Friday, May 2, 2014

Do What Is Right or What Is Easy?

We face numerous choices each day. Some of them, perhaps more of them than we realize, ask us to choose between what is right and what is easy.


I’m a Harry Potter fan. I know that some people think it’s a book and movie series to be avoided, but I’ve found many gems in both formats (don’t get me started on the brilliance of giving Harry the choice between pursuing Horcruxes or Hallows, a classic example of choosing between what is right and what is easy). At the end of the “Harry Potter and the Goblet of Fire” movie, when it’s known by some that Voldemort has returned, Dumbledore tells Harry: “Soon, we will face the choice between what is right and what is easy.” In this fictional instance, the difference between the two is obvious: the choice between aligning with good or with evil, and facing what may and will be required as well as potential consequences of each.

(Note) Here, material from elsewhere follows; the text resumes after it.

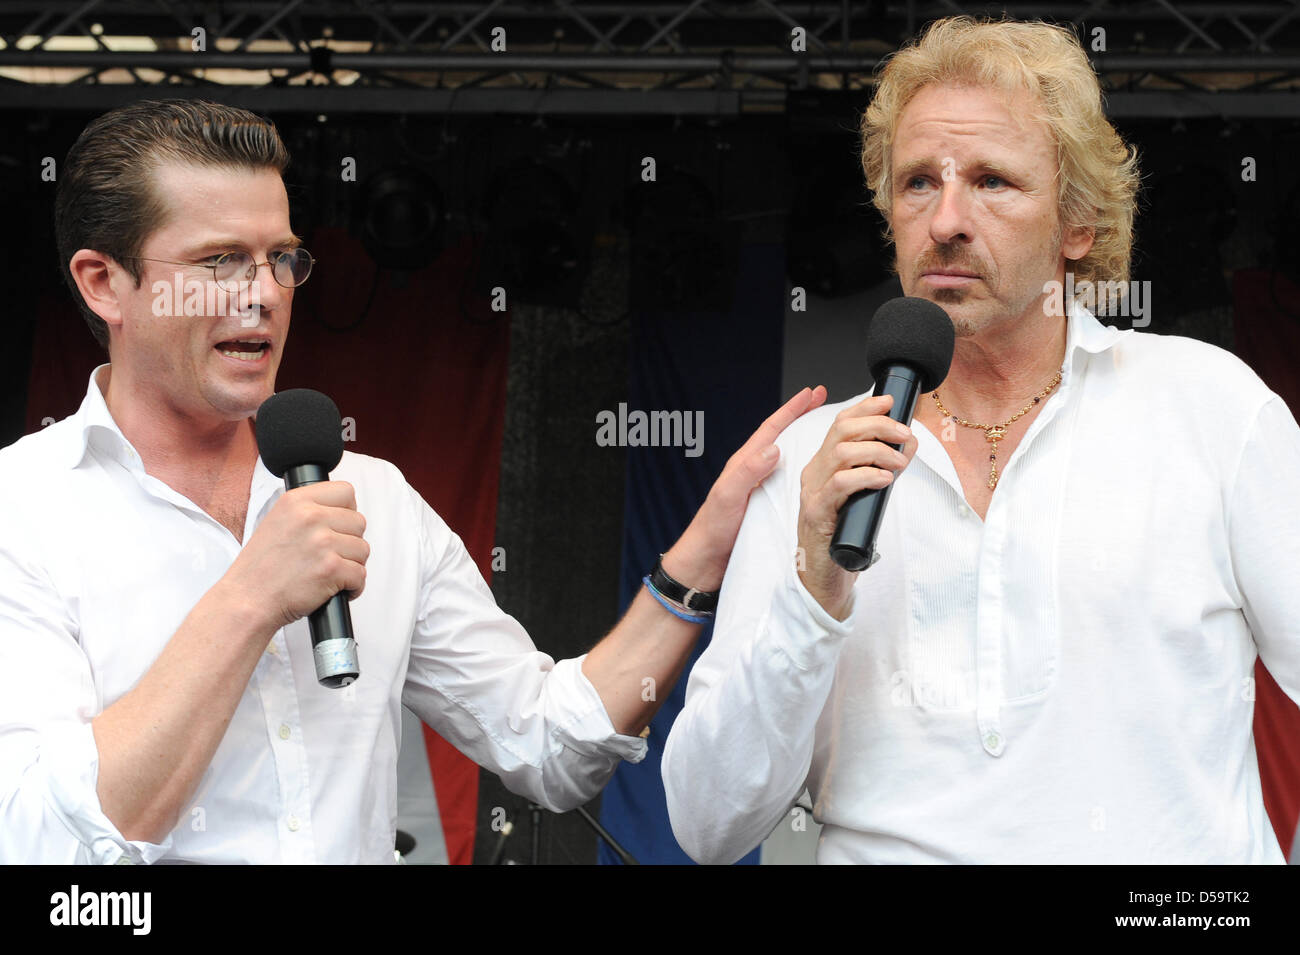 German minister of defence Karl-Theodor zu Guttenberg  (L-CDU) and TV-entertainer Thomas Gottschalk (R) come to the stage in Kulmbach (Upper Franconia) on 'The Day of the Franconians' (Tag der Franken). The Day should remember the foundation of the Franconian Circle on the 2 July 1500. The day is dedicated to the Fraconian history and aims at cultivating Franconian traditions. Phot Stock Photo

Some choices between right and easy that we face are just as obvious (and we readily know which we’ll choose), but not all of them. Why is that? I think Barbara Berger addresses this in her book Are You Happy Now? quite well when she states that every thought, word, and action, which, in my way of thinking as it relates to this topic, means every simple or complex choice, has consequences. So, perhaps it isn’t as much about not knowing the difference between what is right and what is easy, but about our thoughts or fears about possible or probable consequences. Some of our own confusion about this stems from what Barbara calls our uninvestigated thoughts and stories. She’s also right (and wise) in saying that every choice we face awaits our stamp of integrity; and that the intention underneath our choice is what ultimately matters. Here are some choices that many of us have in common.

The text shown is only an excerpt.